Physics Solution – Question 11

Solution to Question 11

1. System Setup and Coordinate Definition

Consider a ring of radius $R$ uniformly charged with $+Q$ fixed in the $xy$-plane, centered at the origin. A thin rod of length $2R$, mass $m$, and uniform charge $-q$ lies along the $z$-axis (the axis of the ring).

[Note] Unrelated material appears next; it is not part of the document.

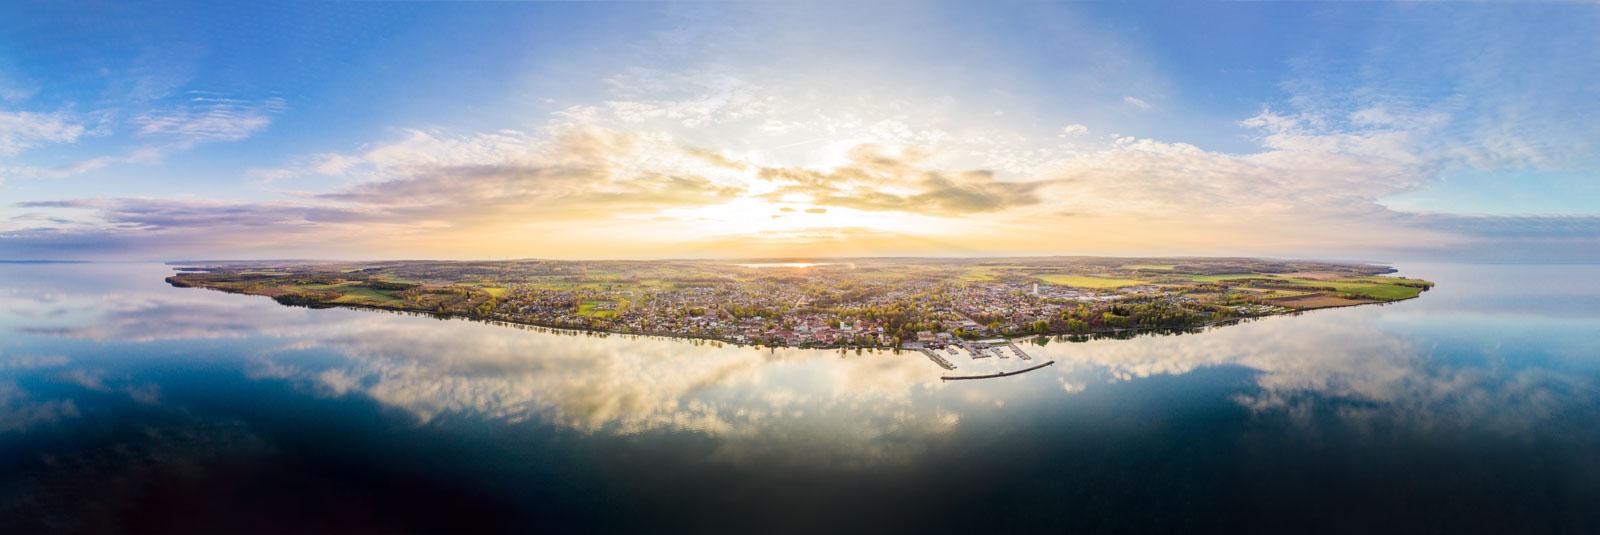 Aerial panorama xxl – Lake Vättern, Hjo, Sweden

In the equilibrium position, the center of the rod coincides with the center of the ring (origin). The rod extends from $z = -R$ to $z = +R$. The linear charge density of the rod is:

$$\lambda = \frac{-q}{2R}$$

Figure 1: Configuration showing the negatively charged rod displaced by a small distance $x$ along the axis of the positively charged ring.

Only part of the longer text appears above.